Input data –
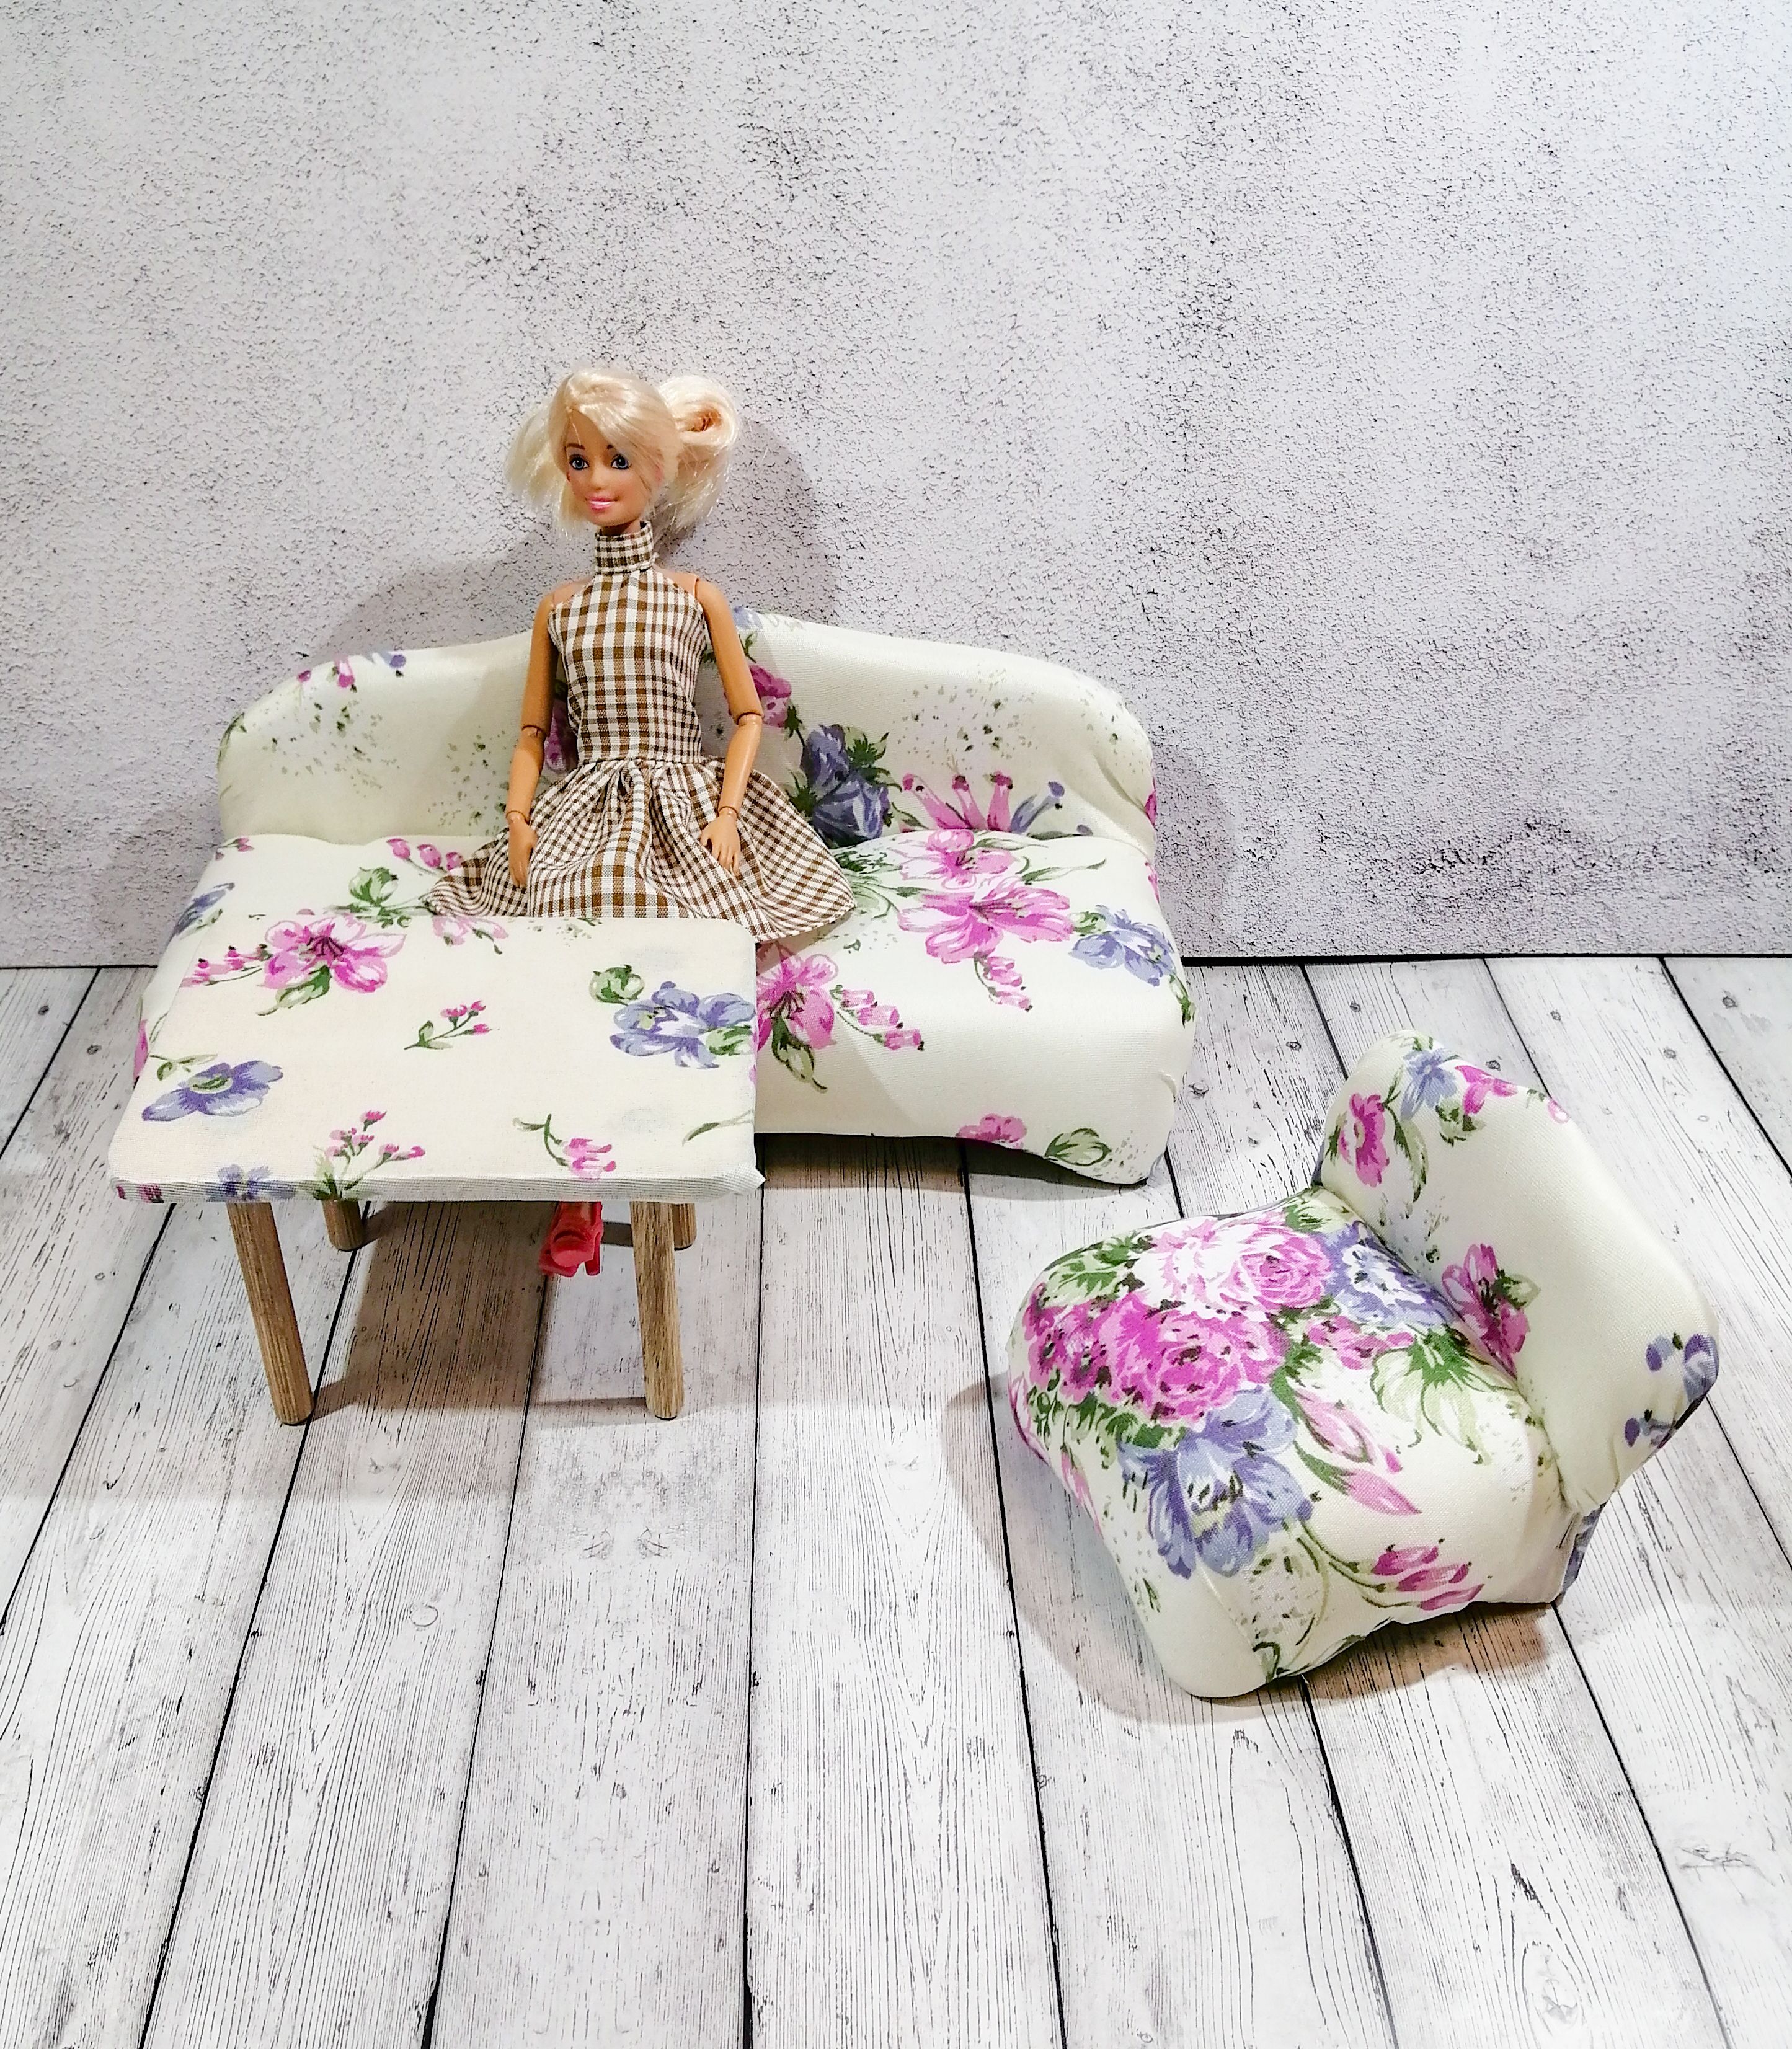 Мебель для кукол от 2 руб. купить в Москве - Интернет-магазин Всё Малышам
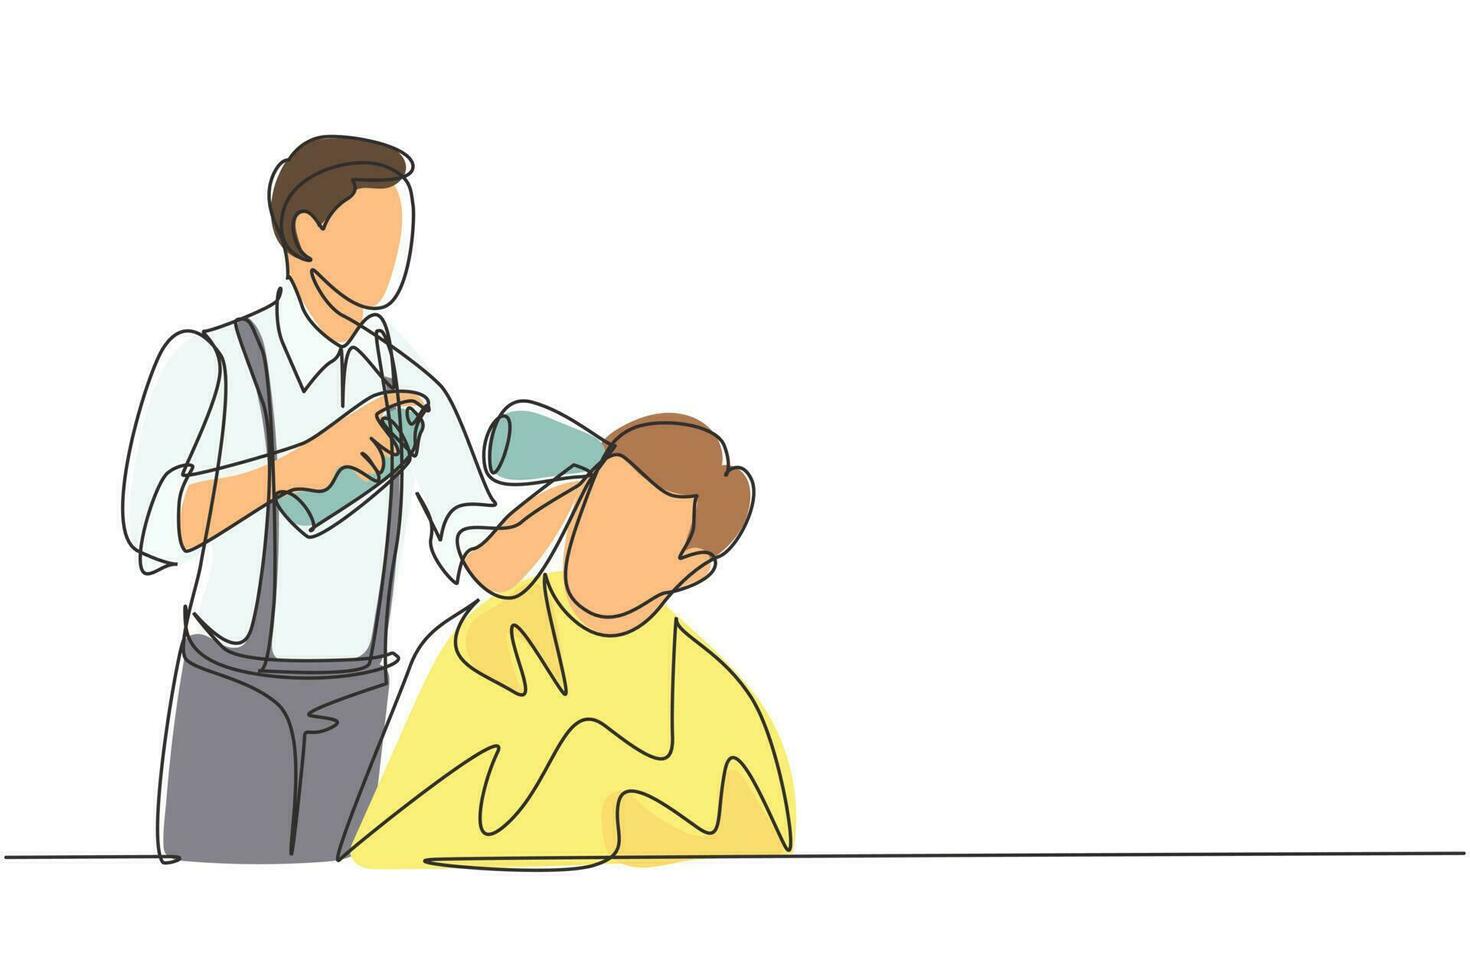 enda kontinuerlig linjeteckning frisör gör hårstyling med hårspray efter klippning på frisörsalongen. ung stilig man får frisyr i modern frisörsalong. dynamisk en rad ritning grafisk design vektor
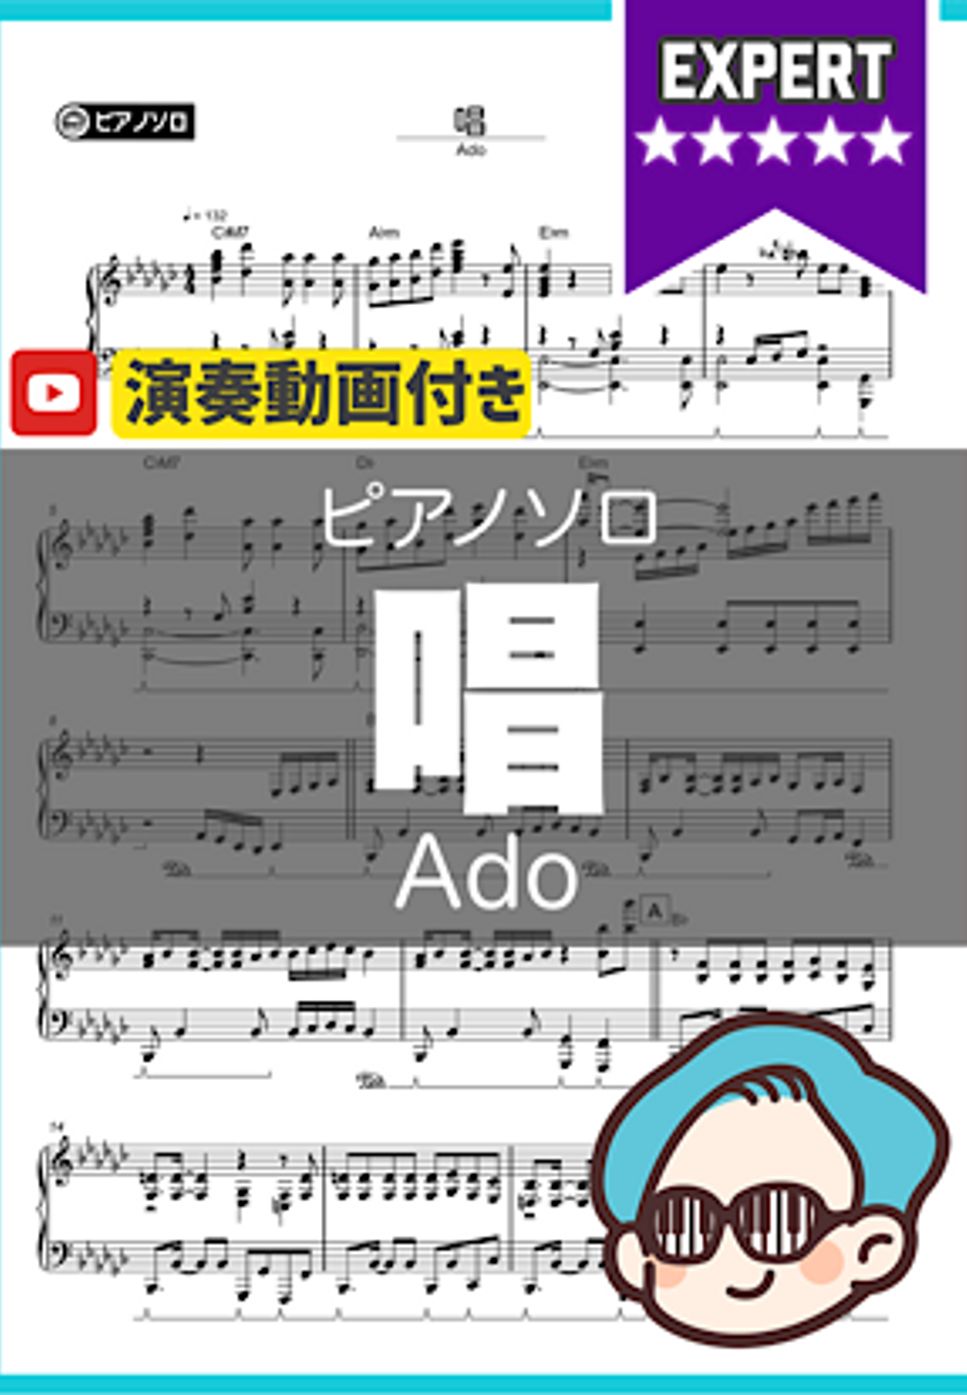 Ado - 唱 by シータピアノ

Exercise –
Your answer should contain all the material above, written out exactly, and none of the pictures.

Reply to the exercise –
 Мебель для кукол от 2 руб. купить в Москве - Интернет-магазин Всё Малышам
 enda kontinuerlig linjeteckning frisör gör hårstyling med hårspray efter klippning på frisörsalongen. ung stilig man får frisyr i modern frisörsalong. dynamisk en rad ritning grafisk design vektor
 Ado - 唱 by シータピアノ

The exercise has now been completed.